Il regime è fratturato. Lo era già all’indomani dell’elezione di Ahmadinejad, quando un parlamento in teoria "conservatore" come lui gli bocciò un ministro ogni cinque, in particolare quelli destinati ai dicasteri cruciali, gli Esteri e l’influentissimo ministero del Petrolio.
Come in ogni autoritarismo petrolifero c’è in Iran un blocco di potere consolidato che non intende lasciare il passo ai "rivoluzionari". Diffida dell’ideologia che minaccia l’economia, del puritanesimo che attenta alla ricchezza più o meno lecita, delle avventure che disturbano gli affari.
Parte di questo establishment (soprattutto l’apparato militare, legato ai Pasdaran) è stata determinante nell’elezione di Ahmadinejad e gli è rimasta legata. Ma in dicembre i potentati iraniani hanno visto il presidente perdere male le amministrative e precipitare nei pronostici, soprattutto a causa dell’andamento dell’economia. L’inflazione è aumentata, la disoccupazione non è diminuita, gli introiti offerti dal petrolio non sono arrivati all’elettorato in una forma soddisfacente. In giugno 50 autorevoli economisti hanno accusato Ahmadinejad di essere un incompetente. Se una guerra non l’aiuta, difficile possa risalire la china.
Per nostra buona fortuna una guerra non pare nell’aria. Ma non pareva nell’aria neppure nel 1913. E anzi, chi oggi rilegga i carteggi intercorsi tra le Case reali europee alla vigilia della prima guerra mondiale non può non trovare stupefacenti i sentimenti amichevoli e le aspirazioni alla pace espressi da sovrani che di lì a poco avrebbero lanciato le loro armate nel conflitto più sanguinario e rovinoso mai combattuto prima. Al dunque quella consorteria di teste coronate finì, senza averne alcuna intenzione e quasi per forza inerziale, dentro il disastro che avrebbe volentieri evitato.

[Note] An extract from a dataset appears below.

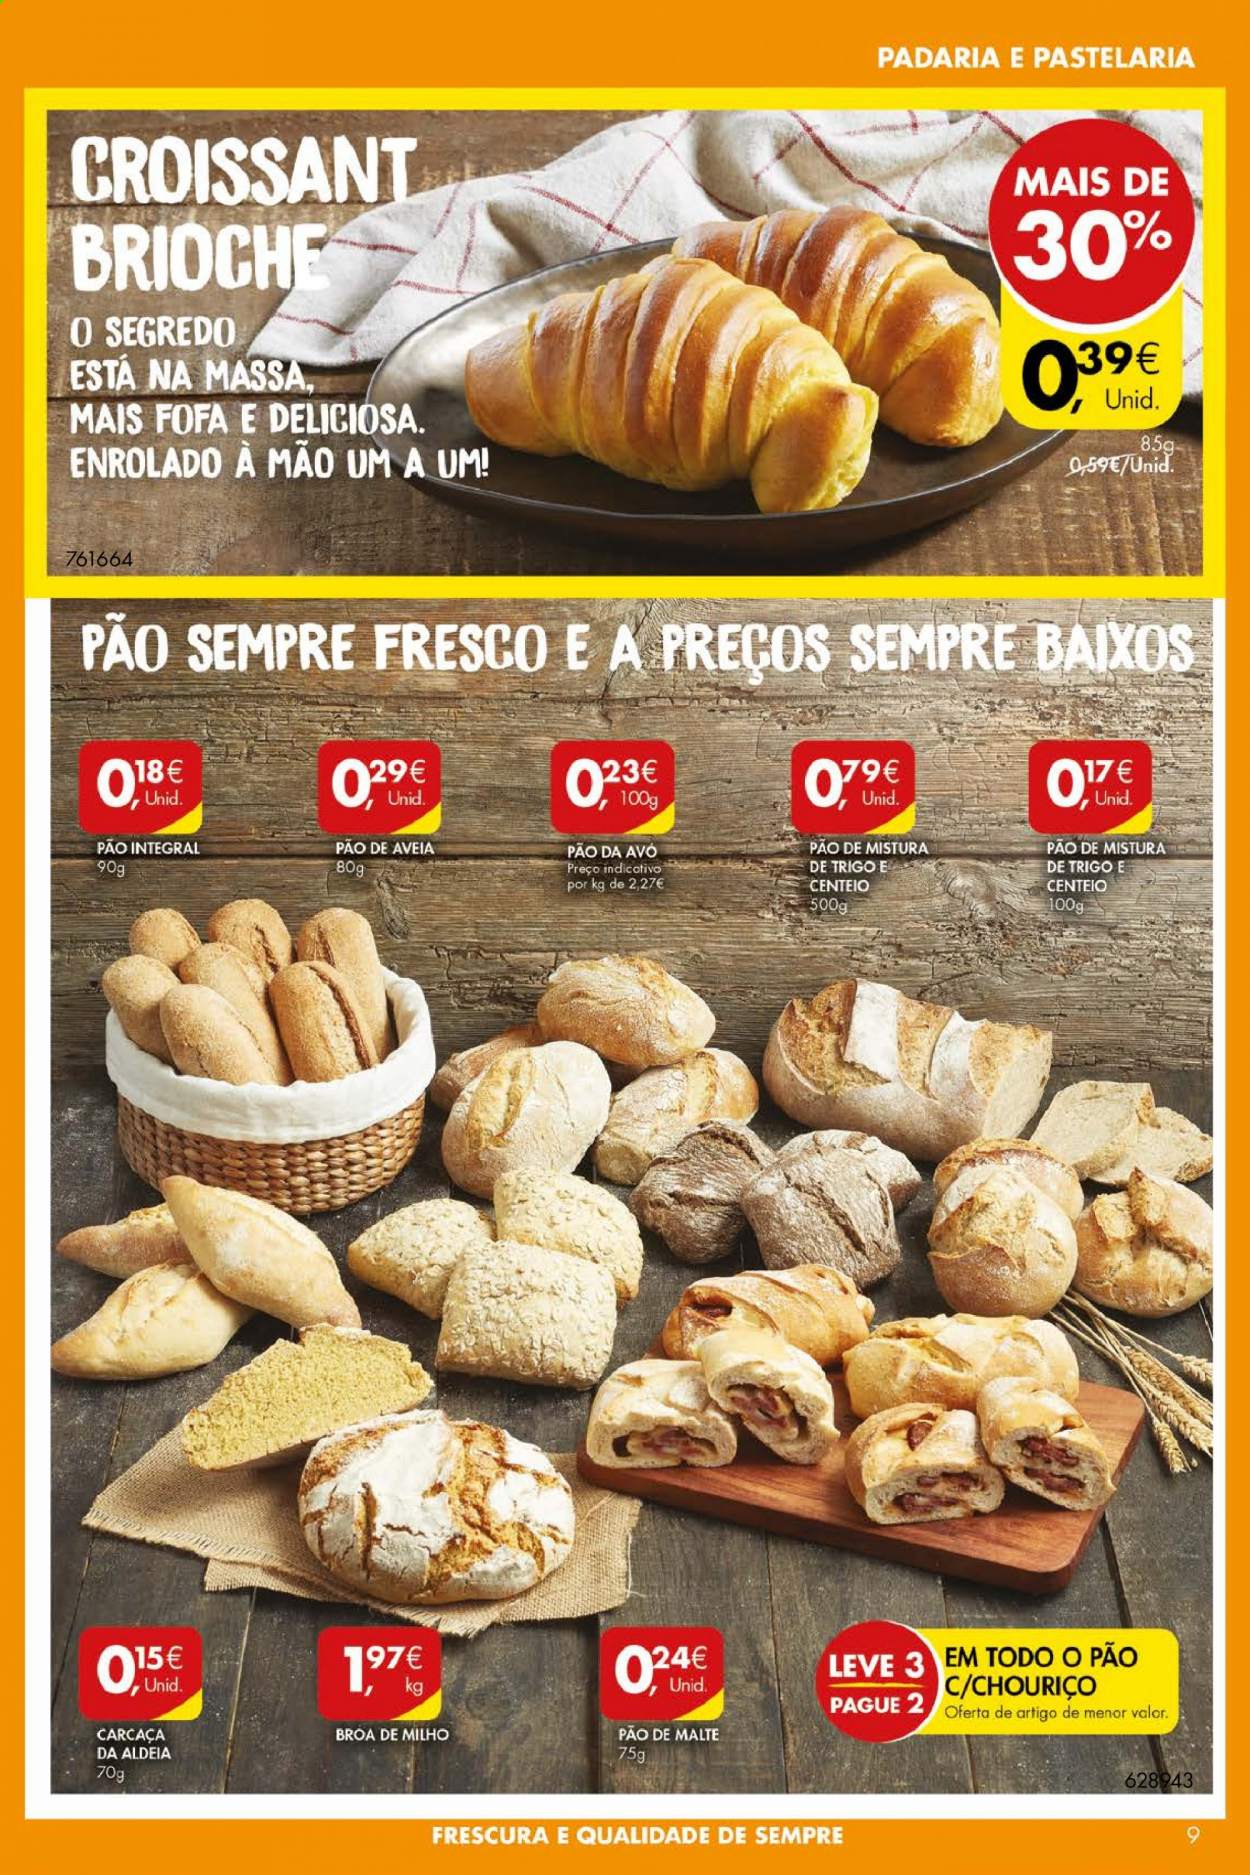 thumbnail - Folheto Pingo Doce - 13.7.2021 - 19.7.2021 - Produtos em promoção - pão, broa de milho, brioche, croissant, chouriço. Página 9.
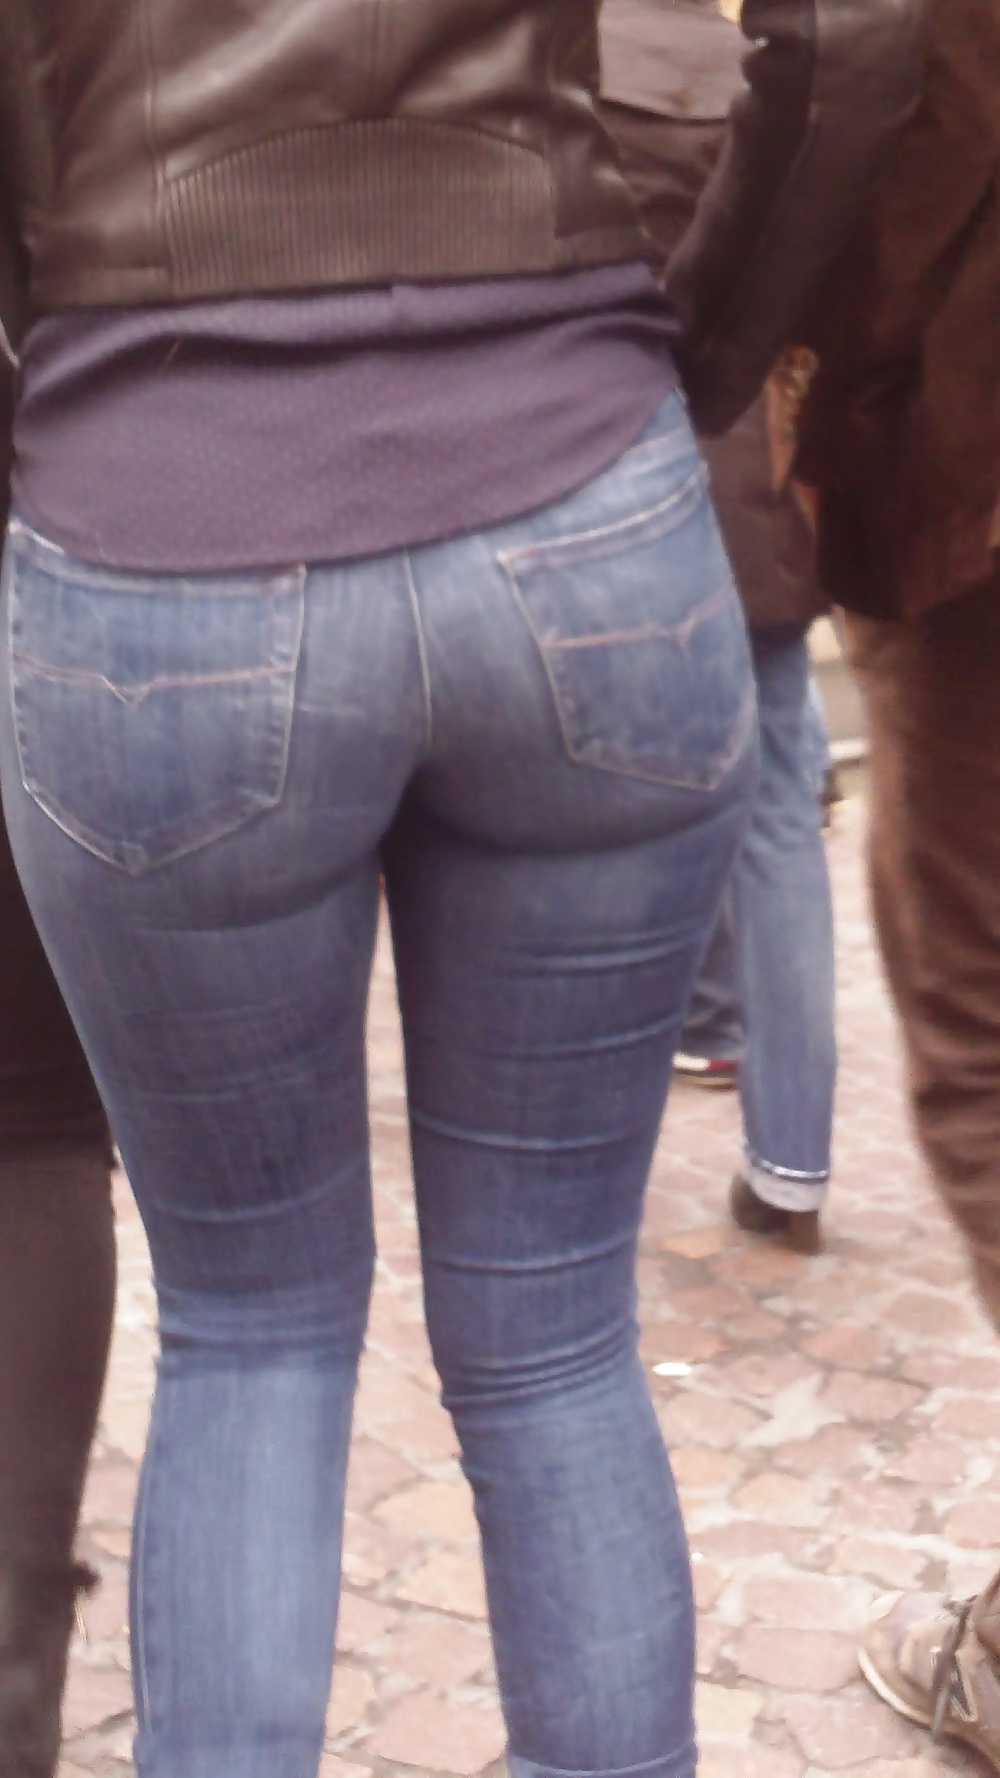 Popular teen girls ass & butt in jeans Part 6 #32010434

Oggi il sistema delle relazioni internazionali prevede strumenti abbastanza raffinati per evitare guerre casuali, e vie d’uscita che prima non erano contemplate. Ma tuttora la somma di un vecchio ordine che non tiene più, egemonie in crisi, deliri di potenza e clamorose inettitudini di governanti, può produrre miscele tra le più esplosive. Cerchiamo di non dimenticarlo.